Of the 212 participants, 186 (87.7%) were female, 78 (36.8%) identified as Asian, followed in descending rank order by African-American (n=70, 33.0%), Hispanic (n=30, 14.2%), White non-Hispanic (n=27, 12.7%) or other (n=7, 3.3%). The majority of participants (97.2%) were employed full-time and worked at the three inpatient facilities. Participants provided socio-demographic data and 442 narrative statements to answer the main study question about research priorities (qualitative).

Round 2

The research team used the processes previously described in the methodology section to analyze the responses. The 442 narrative statements were subsequently categorized into 28 sub-headers which were aligned with the seven major themes. Each theme had 3-5 descriptors.

Round 3

As previously ascribed, INSPIRE team members (n=24) completed Round 3. Using a Likert scale, participants were asked to rank-order preferences for the top two sub-headers in each theme category (quantitative). For example, the first choice was ranked “1” and the second choice was ranked “2.” Although there were as many as five sub-headers under some themes, only the top two descriptor preferences were ranked.

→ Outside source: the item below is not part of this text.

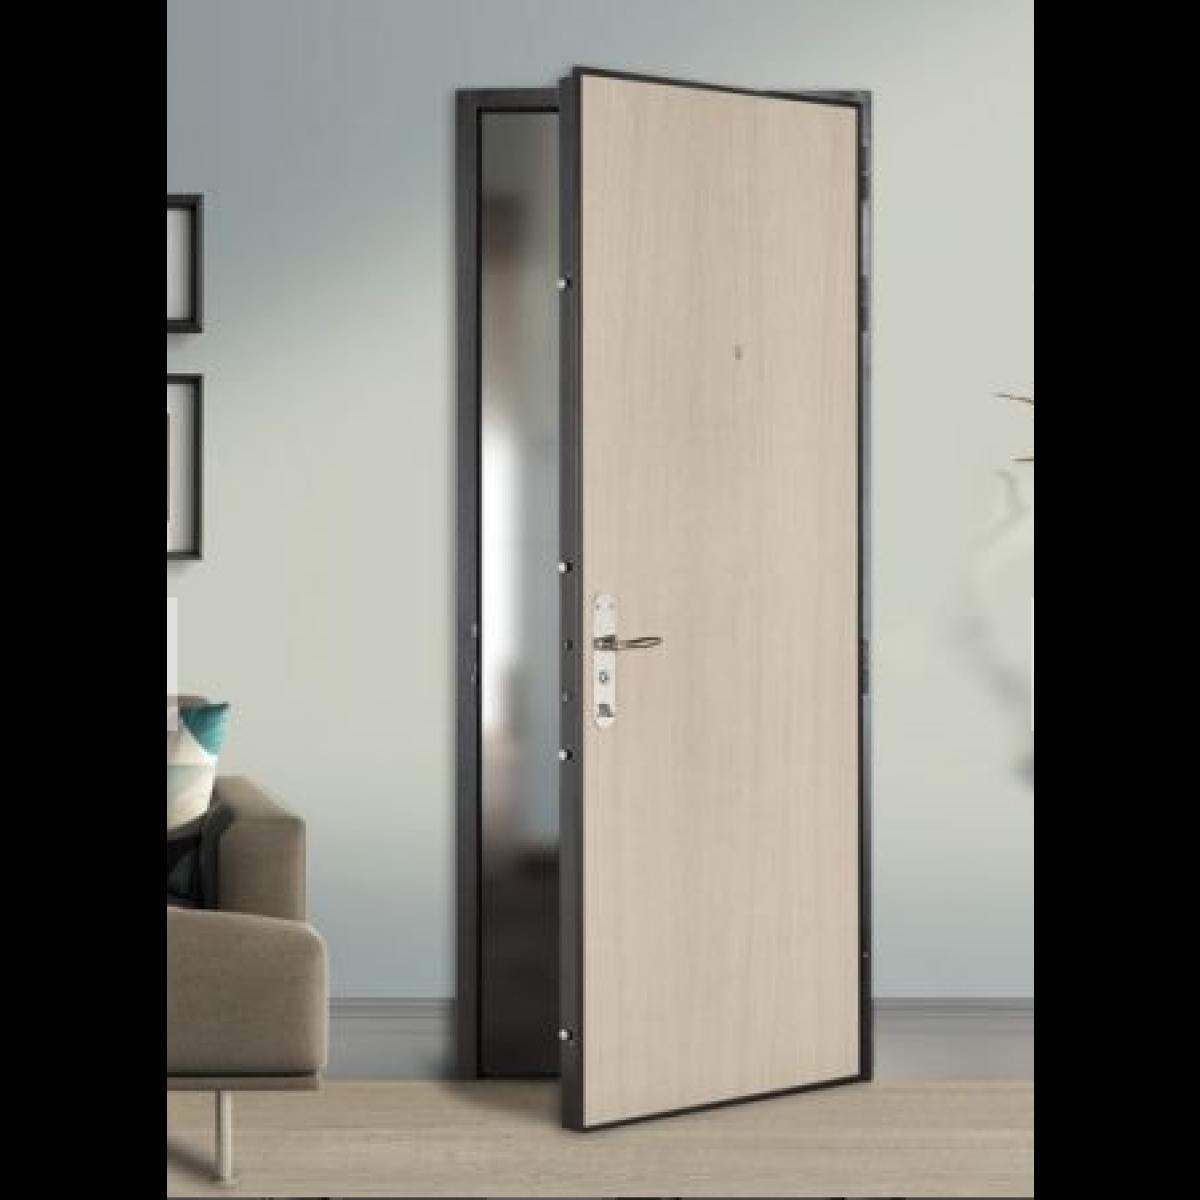 porte coupe feu ei30. Black Bedroom Furniture Sets. Home Design Ideas

As examples, the first and second choices for each theme are reported. Top rankings for “Foundation” included: 1) build strong partnerships (interprofessional/multi-institutional); and 2) dedicated, protected time for nurses to participate in scholarship. For “Education,” preferences included: 1) nurse education (leadership, evidence-based practice, research, dissemination); and 2) health promotion. The top choices for “Acquisition” were: 1) best practices and 2) nursing clinical skills. The “Creation” responses were related to: 1) nurse retention; and 2) bullying/incivility and patient satisfaction (tied for second place). The fifth theme, “Innovation,” included: 1) innovative work practices and patient-centered care (tied for first place); and 2) patient experience. Sub-category selections for “Translation” included: 1) nurses’ voice in decision-making; and 2) patient safety. And finally, the priority theme of “Dissemination” focused on: 1) poster presentations; and 2) abstract development.

Implications for Practice

This research study provided a roadmap to further guide the integration of clinical inquiry and nurse-led scholarship. Our nurses are cognizant of creating opportunities and serving as the nexus for collegial engagement (with interprofessional and multi-institutional partners) that fosters scientific discovery and evidence utilization that provides a framework for quality healthcare delivery across the region and globe.